Wednesday, March 5, 2014

Steepest hill in Four Corners

To follow up on my post last week about the elevations of Four Corners.  As that article said, Four Corners is a pretty hilly place.

The hills contribute to the character of our neighborhoods.  Finding a jogging route or a bike route without hills is basically impossible.  However, the hills make for some cool perspectives and interesting home situations that you won't find in many other places in the region.  Not many neighborhoods around us have so many hills, or such large hills.  But why are there so many large hills in Four Corners, and how tall/steep are they?  

So what is the biggest hill in Four Corners?  This title could be debated, as there are many short steep hills that could claim it, as well as long gradual ones that are impressive even though they are less steep.  After looking at various hills around Four Corners and doing some rough geometric calculations, I have determined the steepest and most impressive hill in the area to be the following:  Brookmoor Drive between Williamsburg Drive and Penwood Road.

Looking up Brookmoor from Williamsburg.  Image from Google Stretview.

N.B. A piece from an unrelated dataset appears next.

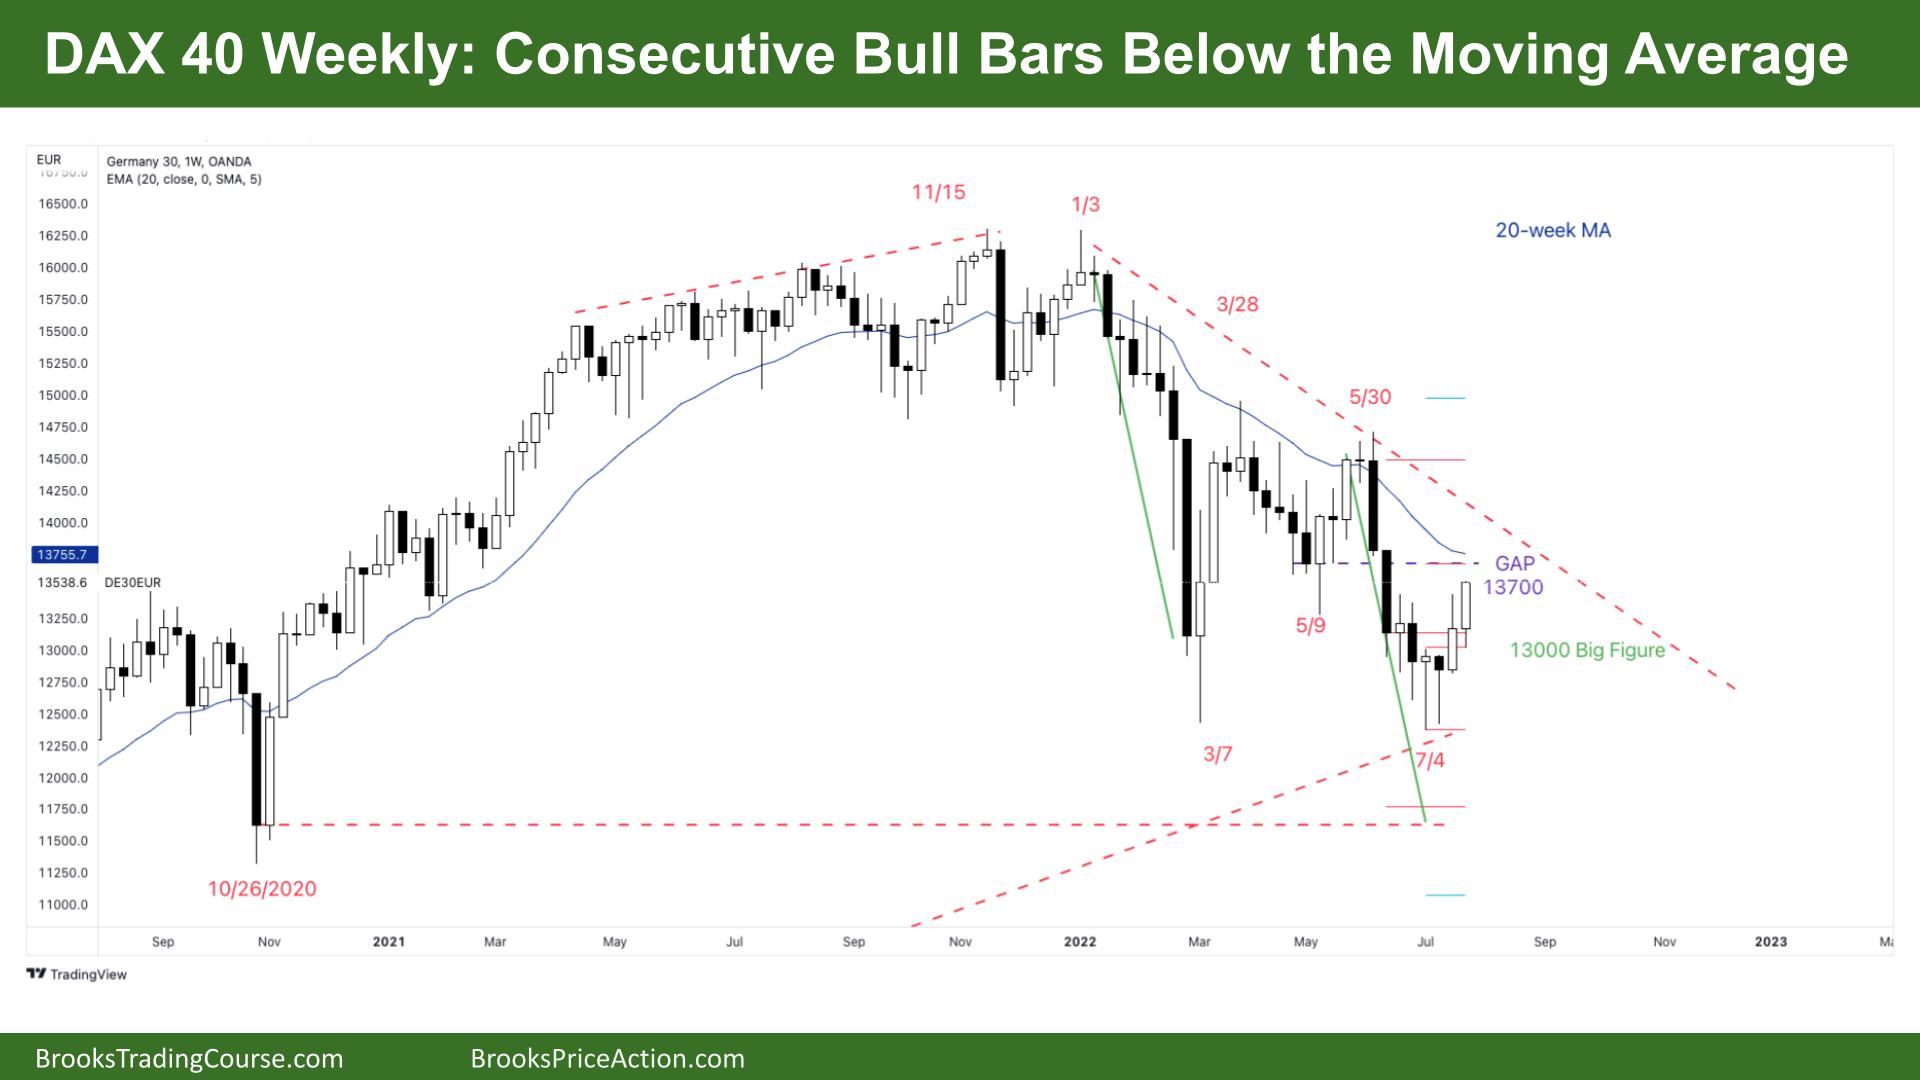 DAX 40 Weekly Consecutive Bull Bars Below the Moving Average

This block starts at an elevation of 282 feet at the intersection of Brookmoor and Williamburg Drive.  It ends at an elevation of 330 feet, about 135 yards away at the intersection of Brookmoor and Penwood Road.  This means that the street rises nearly 50 feet in less than 400 feet of horizontal distance.  This means the grade of the hill is approximately 12 percent.  A 12% grade may not seem that steep compared to a staircase, but for wheeled vehicles, that is a very steep climb. 

For some perspective, know this: the maximum grade allowed on an interstate anywhere (even in the Rockies and Appalachians) is 6%.  Even at this seemingly low grade, large trucks have trouble with the hill, hence the need for climbing lanes on mountainous highways.  The steepest grade a train can handle is 3 or 4%.  At a 3% grade, freight trains need extra locomotives to both push and pull the train simultaneously; otherwise the grade cannot be overcome.  For another example; the steepest grade on any part of the Tour de France (a bike race known for having stages in the Alps with insane hills) in recent years was 14%, only 2% steeper than the Brookmoor hill.

I may be biased in this determination; as this hill is around the corner from my house, but after looking at a bunch of other hills in the four neighborhoods and doing some calculations, I have yet to find one that is as steep as this.  Crestmoor Drive and Eastwood Avenue both have some impressive hills, which are longer than this one, but they are not as steep.     

So if your feeling ambitious, ride your bike up this hill.  If you're felling super ambitious, go ahead and run up this hill.  

If anyone has stories or further information on this hill, feel free to share.  

1 comment:

  1. I think Sutherland Road just south of Southwood may have an even steeper grade.